Трупак и Быль, то есть Давид и Камиль, лучшие мои приятели, стоят в паре шагов, пьют «бровар» из банок и, глядя на меня, вовсю веселятся. Трупак смеется так, что аж сопли вылетают. Вместе с Трупаком и Былем рядом с нами еще несколько человек, и тоже смеются: или над нами, или над чем-то совершенно другим.
(Трупак выедет в Шотландию и откроет там предприятие по ремонту мебели. Слегка полысеет и немного потолстеет. Настрогает тройку здоровых и толстых детишек. Быль останется точно таким же болезненно тощим, каков он и теперь, по крайней мере, так он будет выглядеть на Фейсбуке. Серия мелких, неудачных делишек бросит его на немецкую фабрику и в пару других темных и холодных мест.)
Но сейчас им весело, а веселее всего – мне и Дарье. Только пару раз в жизни было мне так весело, и я знаю, что больше никогда не будет.
Мы стоим во дворе замка в пятницу или в субботу вечером. Часов в одиннадцать или двенадцать, а может уже за полночь. Во дворе замка – клуб, которого скоро не станет, через год или два. Но сейчас он есть. Он есть всей своей сущностью, шумной, темно-желтой, слегка вонючей, чуть затуманенной, но его никак не подвергнуть сомнению.
Этот двор, этот замок – я уверен – кто-то аккуратно поднял их с земли и подвесил, как елочную игрушку, в черном небе. Чтобы отсюда выйти, нужно спрыгнуть, и совсем не ясно – с какой высоты. Потому все боятся и никто не уходит. Клуб называется «Врата». В клубе «Врата» гремит песня Oasis: громче, чем хотелось бы даже самым отъявленным фанам группы. Трескучие басы песни подпрыгивают в моем желудке вместе с тремя пластиковыми стаканами пива и парой глотков крепленного спиртом вина с названием Cavalier. Кто такое выдумал? Кто кому первым посоветовал это пить? После пары глотков начинает казаться, что этот вкус останется у корня языка навсегда – вкус заплесневелых фруктов, мыла и ржавчины.
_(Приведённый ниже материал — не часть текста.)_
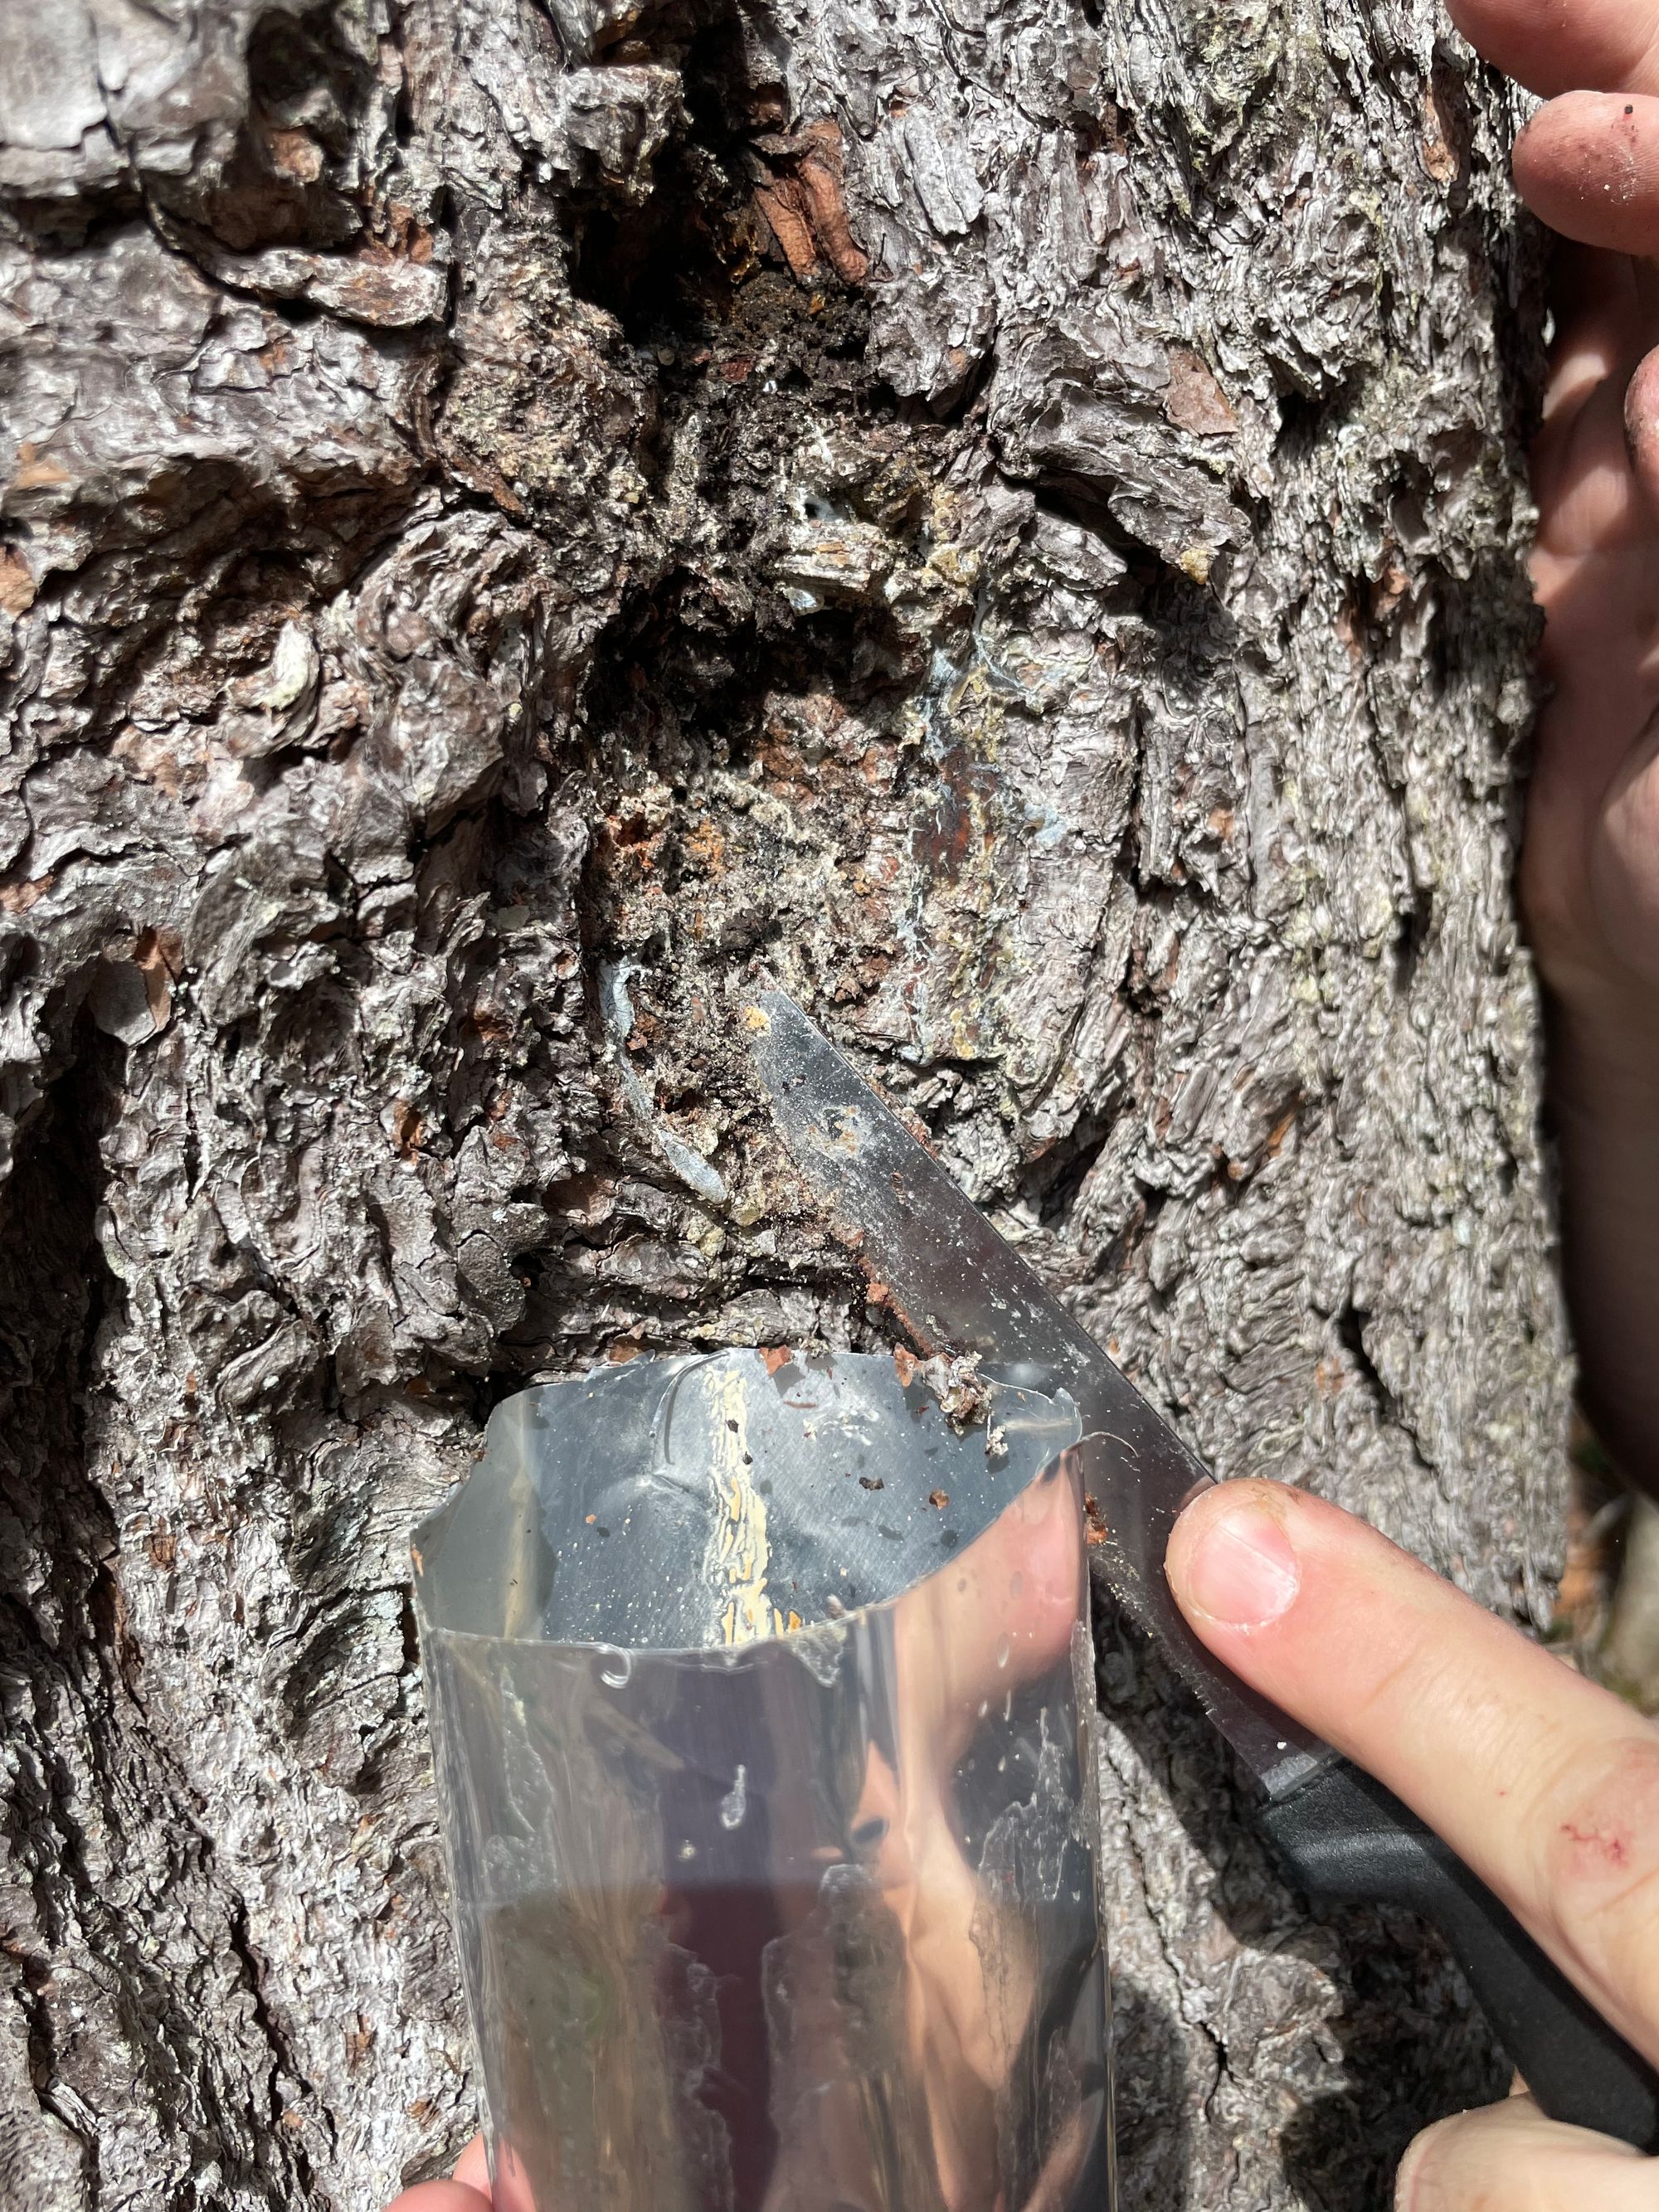 Harvesting Pine Resin for Bee’s Wax Wraps

Честно говоря, я не слишком люблю Oasis. Но танцую под Oasis, под песенку Wonderwall, потому что Дарья тоже танцует.
Я познакомился с Дарьей через нашу общую подругу Аську. На вечеринке у Аськи дома. Но такое знакомство в Зыборке, городе, где все знают о существовании друг друга, – совершенно нормально.
С этим у меня проблема, поскольку Аська влюблена. Собственно, тот вечер она выбрала, чтобы признаться мне в этом. Отвела на лестницу верхней балюстрады двора, уселась на пол и оперлась о деревянный поручень. Закурила и глотнула немного дыма. Остальной медленно выпустила; в воздухе повис след – на долю мгновения, – как от миниатюрного самолета. Может, она думала, что спецэффекты хоть немного спасут ее достоинство. Смотрела не на меня, а в сторону, в угол зарешеченного окна, пытаясь выглядеть киноактрисой, а я, в свою очередь, не смотрел на нее, потому что глядел сверху на мощеный участок двора и видел Дарью, Быля, Трупака, а еще Кафеля с его приятелем Порчиком, которые как раз пришли в замок. Кафель кружил, ощупывая свой лысый череп, чесал подбородок, то и дело чвиркал слюной меж зубов. У него была диастема, потому чвиркать получалось превосходно. Когда он был трезв, то почти не открывал рта, стыдясь ее. Кафель двигался быстро, словно его что-то дергало, пытаясь из него вылезти. Кафель работал на стройке, а кроме того был скином, постоянно закидывался амфи и наверняка нюхнул и сегодня. Искал свою девушку, Ольку. Спрашивал о ней. Мол, хотел ей что-то сказать. Не говорил, что именно. Порчик, такой же лысый и дурной как Кафель, был медленнее, более раздумчив и без диастемы, в надетой под военную куртку футболке наци-группы «Линч’88». Стоял рядом: негромкий помощник.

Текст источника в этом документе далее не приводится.